Providing care for adults with muscular dystrophy

September 21, 2017

September is the awareness month for Muscular Dystrophy – a group of genetic diseases that cause progressive weakness and loss of muscle mass. People often associate muscular dystrophy with a childhood disease; and while Duchenne muscular dystrophy is one of the most prevalent forms, there are in fact over 150 different types of muscular dystrophies that affect both children and adults. 

In addition to a paediatric clinic that treats children affected by muscle disorders, London Health Sciences Centre (LHSC) offers a neuromuscular clinic that includes following adults affected by various types of muscular dystrophy.

Dr. Shannon Venance, neurologist at LHSC, along with Dr. Anita Florendo-Cumbermack and nurse practitioner, Wilma Koopman, lead the adult care team for muscular dystrophy within the neuromuscular clinic.
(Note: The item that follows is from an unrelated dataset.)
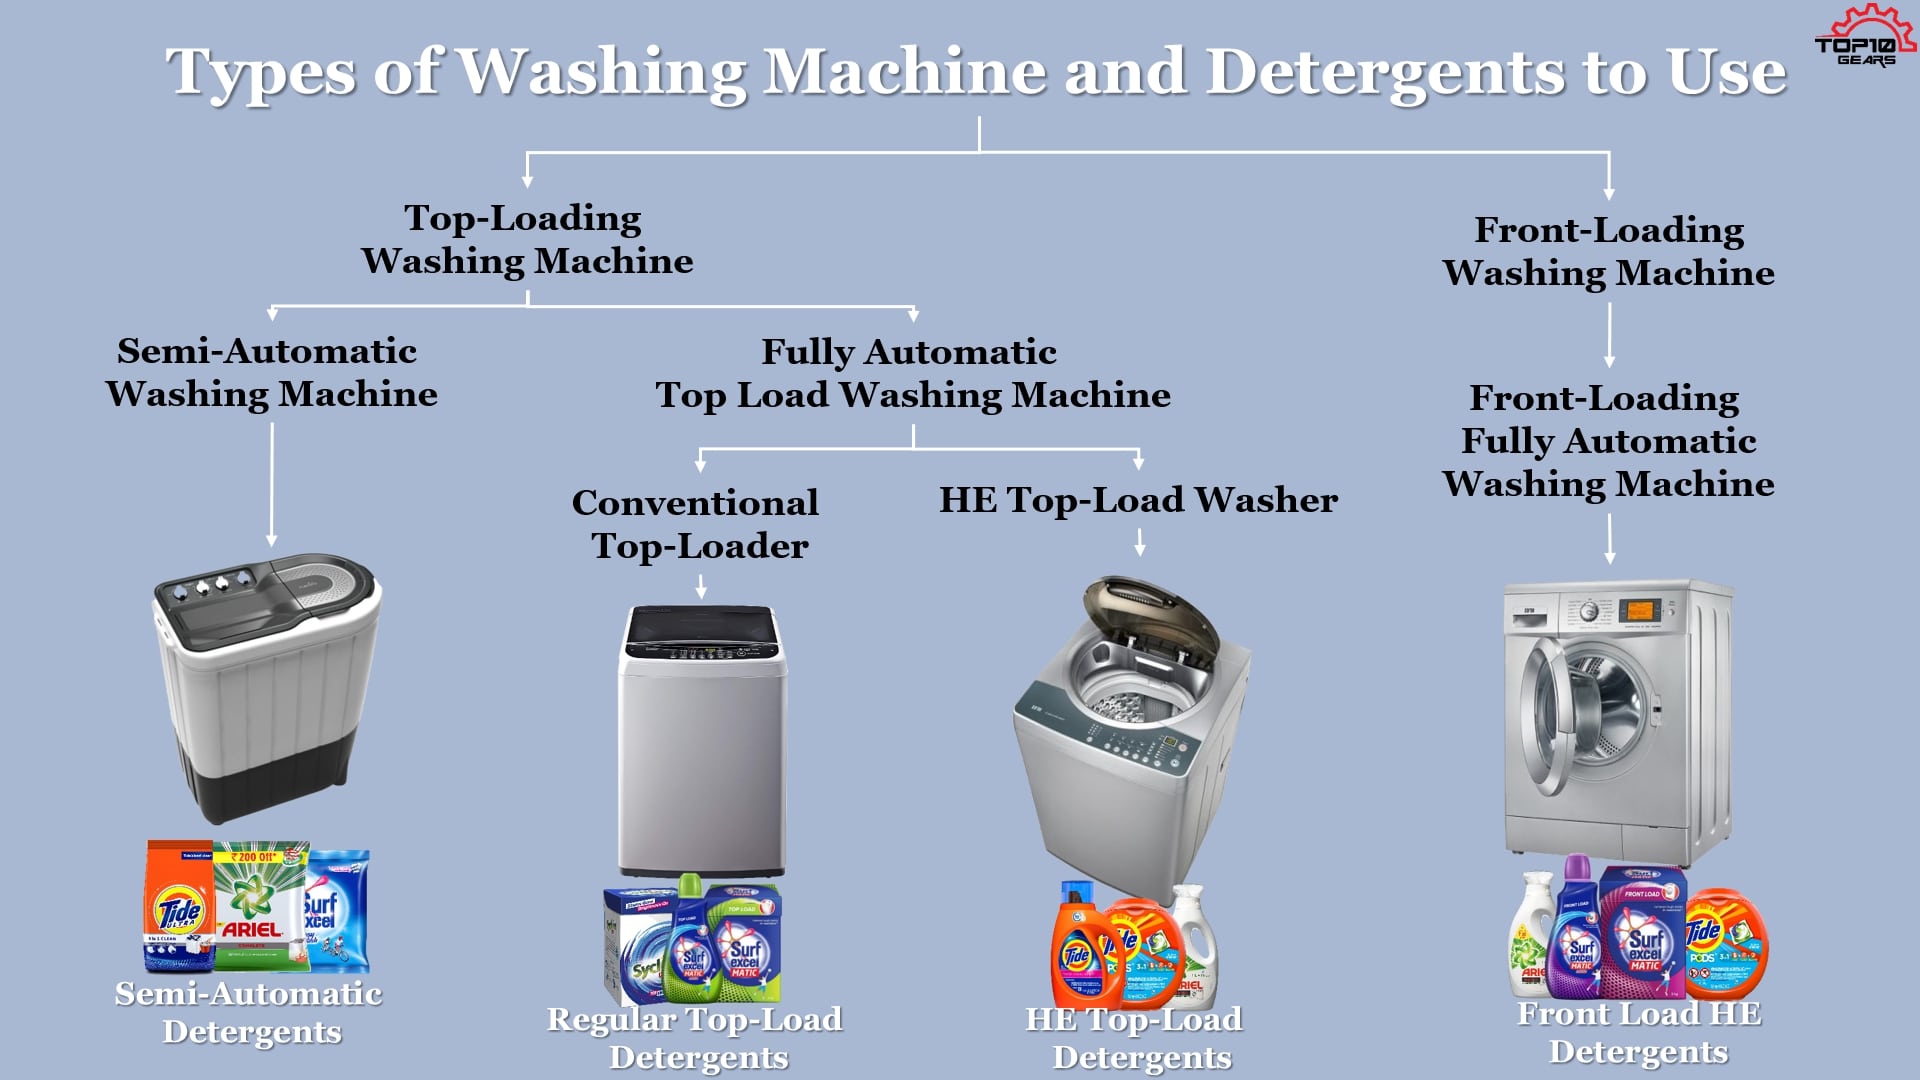 Types of Washing Machines and Detergents to use

While the clinic follows about 600-700 patients with inherited myopathies ranging in age from the late teens to early 80s, patients generally fall into two peaks.

“We will typically see new patients enter our care either as young adults in their late teens and early 20s that are either transitioning from paediatric care or have the initial onset of symptoms, or those in their 40s-60s with a later onset,” says Venance. “The age at which symptoms begin to present is one marker that helps us to narrow the field of which type of muscular dystrophy someone might have.”
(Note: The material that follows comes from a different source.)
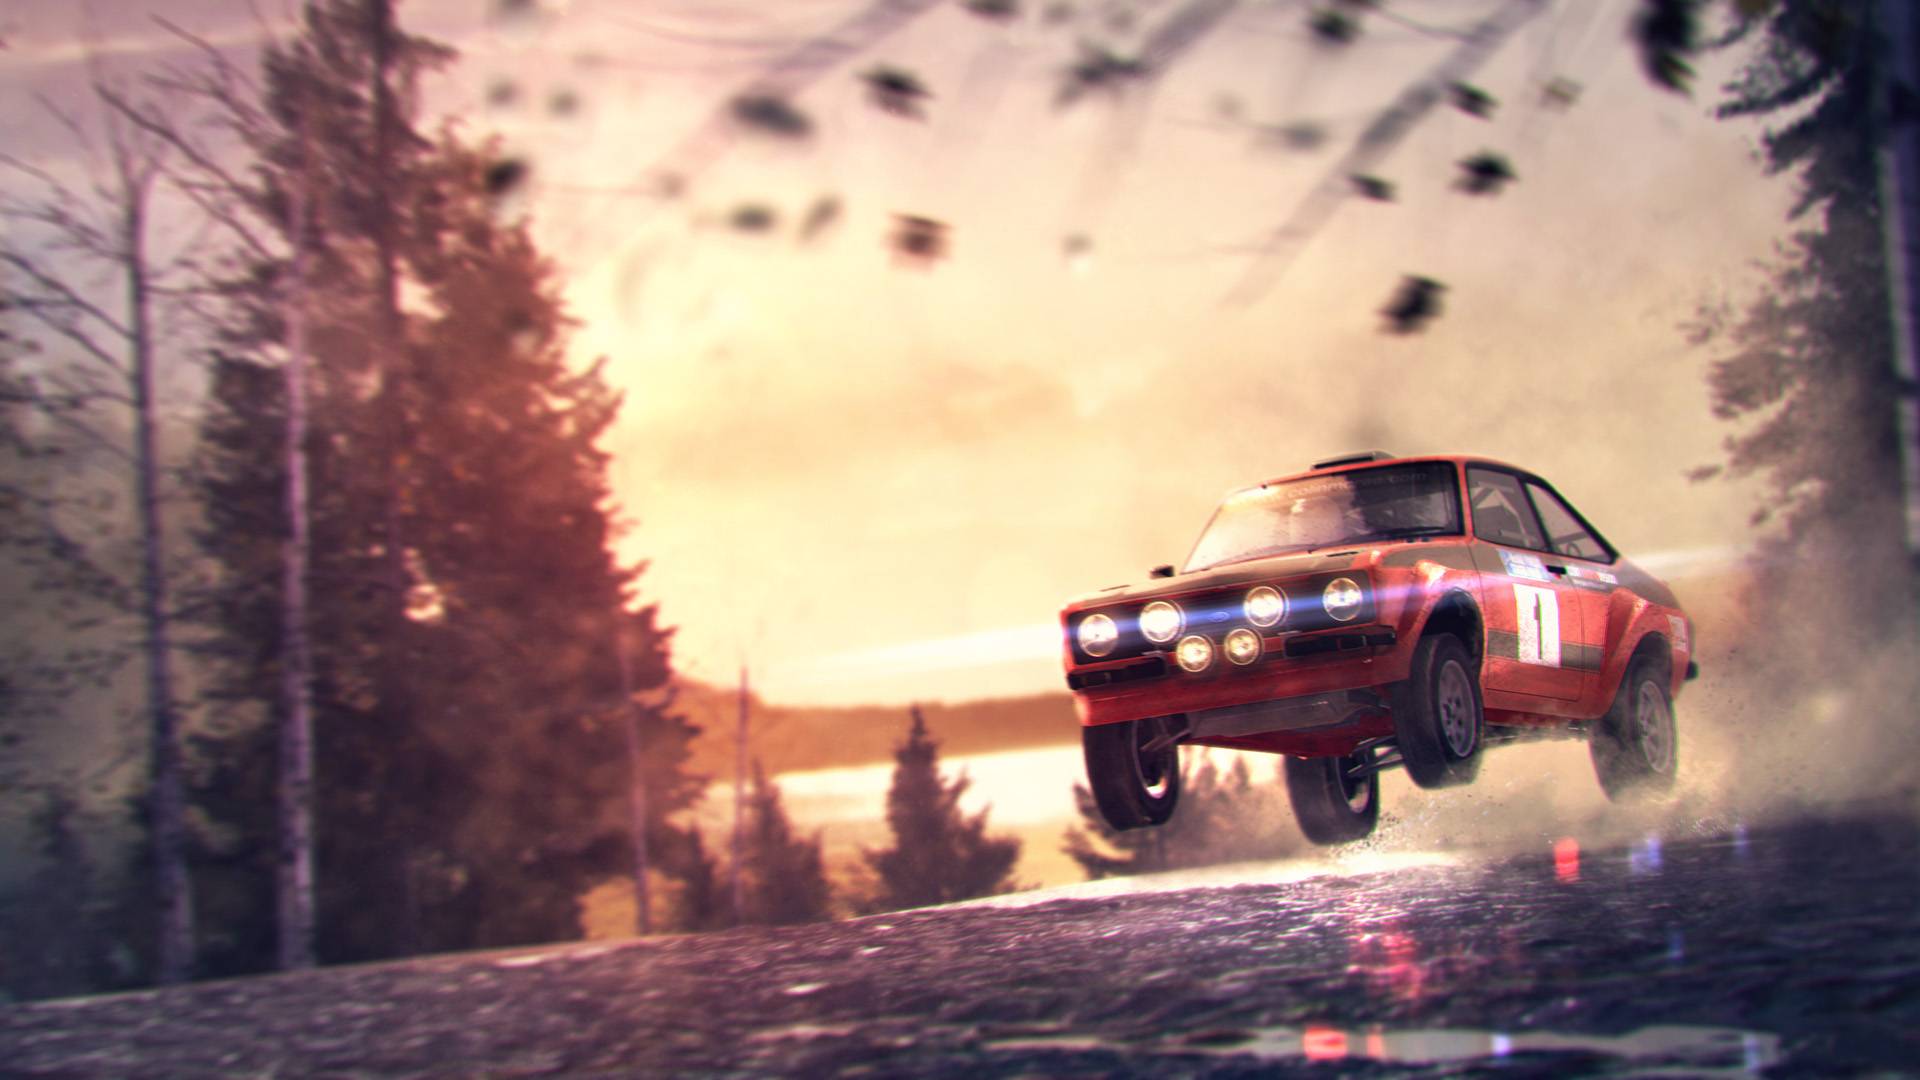 10 DiRT 3 HD Wallpapers and Backgrounds

LHSC’s neuromuscular clinic works closely with our medical genetics program to help determine a diagnosis for patients and will then put a management plan into place. Treatment varies depending on the type of muscular dystrophy and to date is largely supportive. While there is no cure as yet, medications, assistive devices and therapy can help manage symptoms and improve function for those living with a chronic disease such as muscular dystrophy.

In addition to diagnosis and management, the clinic provides important support for patients. 

“There are so many great community-based resources that are available through places like Muscular Dystrophy Canada, our local Participation Houses and the Canadian Neuromuscular Disease Registry,” says Venance. “By connecting our patients to these resources they are able to access a range of opportunities and supports, such as having appropriate supportive care at home, or participating in clinical research trials.” 

As well, the team works hard to ensure patients have a seamless experience when they come to the clinic. Often patients will need to attend more than the neuromuscular clinic to address medical issues that are exacerbated by muscular dystrophy, such as breathing, swallowing, and/or challenges with mobility. The team works cross-functionally with staff and physicians in these other areas to align appointments so that patients are able to meet with all of their health-care providers in a single trip to the hospital.

Venance adds, “Despite not having disease modifying or curative treatments, patients and families still find value coming to the clinic and I think that speaks volumes about the significance of the supportive care that is provided. For me, that value goes both ways. I think I’ve learned the most about muscular dystrophies from my patients – they bring a lived experience that you can’t replicate through textbooks and research papers.”

The hope for disease modifying or curative treatments remains, particularly as our understanding of medical genetics and epigenetics continues to expand.

“Knowledge in the field of medical genetics and epigenetics has grown exponentially over the last decade,” says Venance. “We now have an enzyme replacement therapy that is slowing down the progression of one specific myopathy that we didn’t have 10 years ago, so there is great hope that in the next decade we’ll come up with treatments that may not necessarily cure, but could greatly slow the advancement of other neuromuscular diseases as well.”